If you want to save a pointer to the array for later use in a library function, etc, you could do something like:
//scope 2
int * pa;
void f ( int a[2][3][4] ){
pa = &a[0][0][0];
}
It gets tricky at this point - you have to know how pa is layed (laid?) out in memory. I think C has standardized on 'row major order', so the array should be layed out in memory like:
a[0][0][0] a[0][0][1] a[0][0][2] a[0][0][3] a[0][1][0] ... a[0][2][3] a[1][0][0] a[1][0][1]... a[1][2][3]

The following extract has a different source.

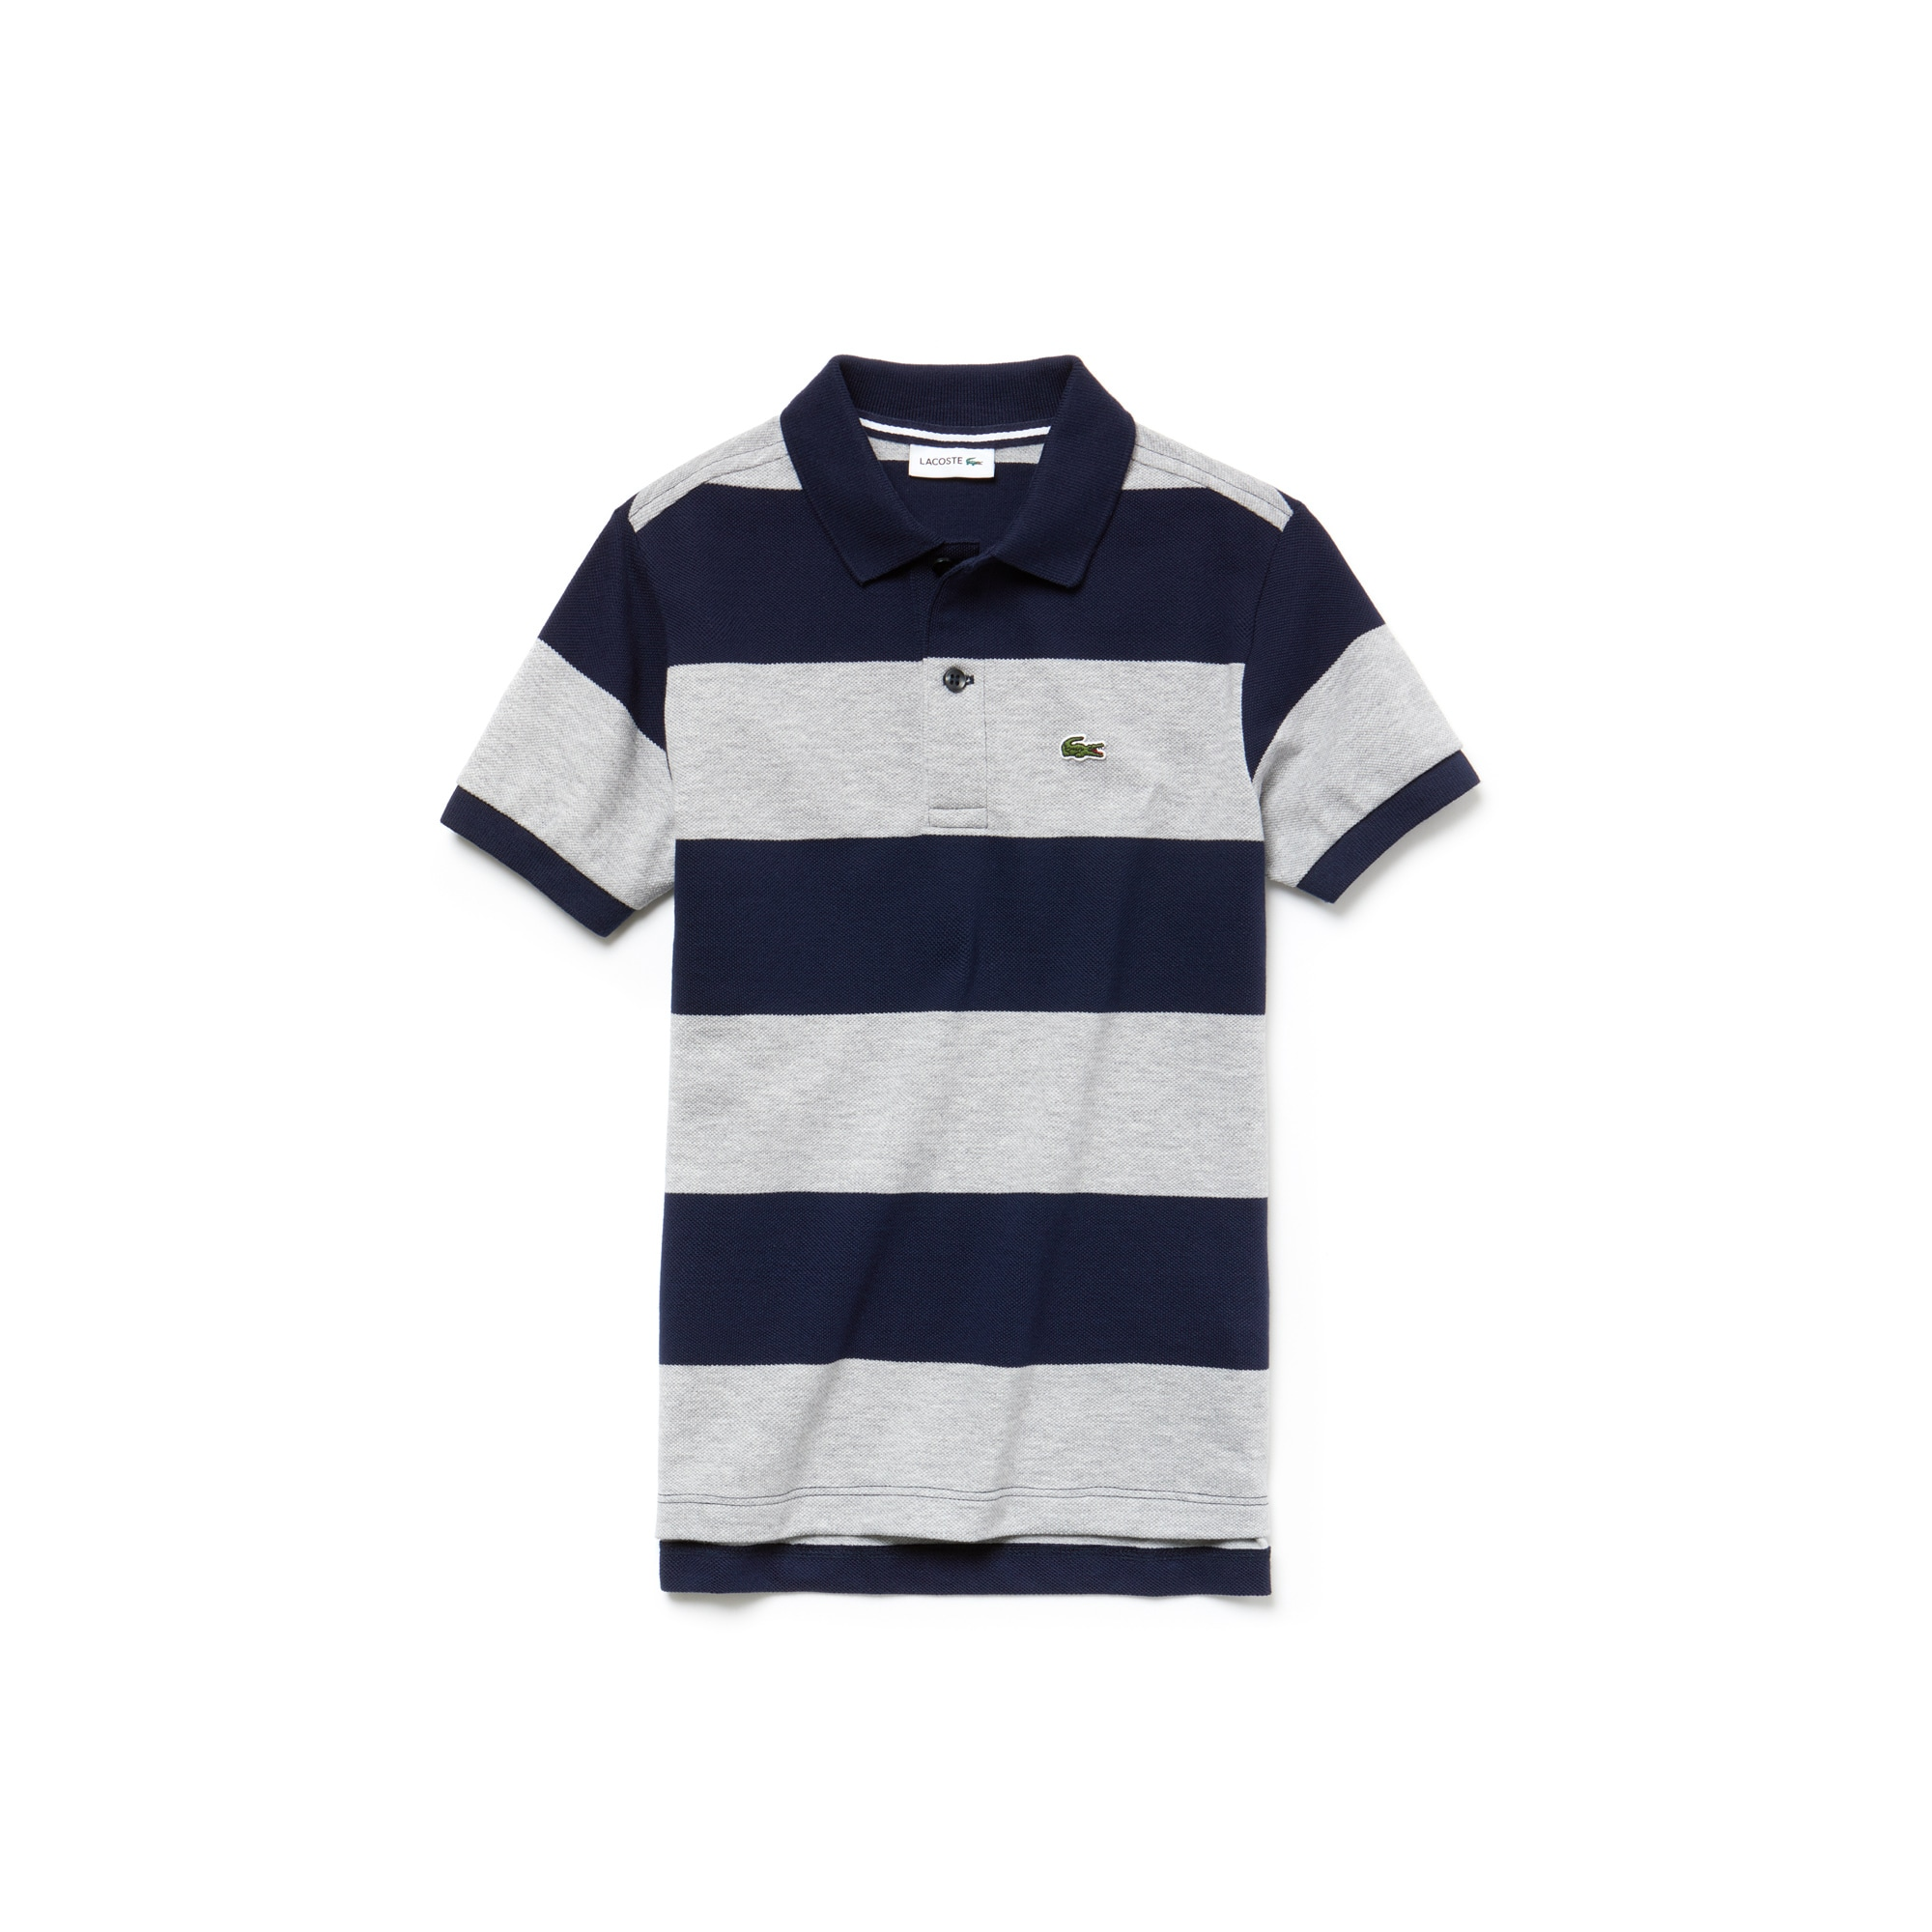 Boys'  Striped Cotton Petit Piqué Polo Shirt

So, to get at an element at index [n][j][k], you have to do something like:
pa[n * 12 + j * 4 + k] = something;
Basically, multiply each index by the number of elements that can be referenced by an index of that order, e.g. each k index points to exactly one element given a fixed j and n index, each j index can point to 4 elements given a fixed n index, and each n index can point to one of 12 (because 12 = 3 * 4) elements.
Like I said, it's tricky. See the wikipedia articles on Array Data Structures and Row-major order to get a better understanding of how these things are layed out.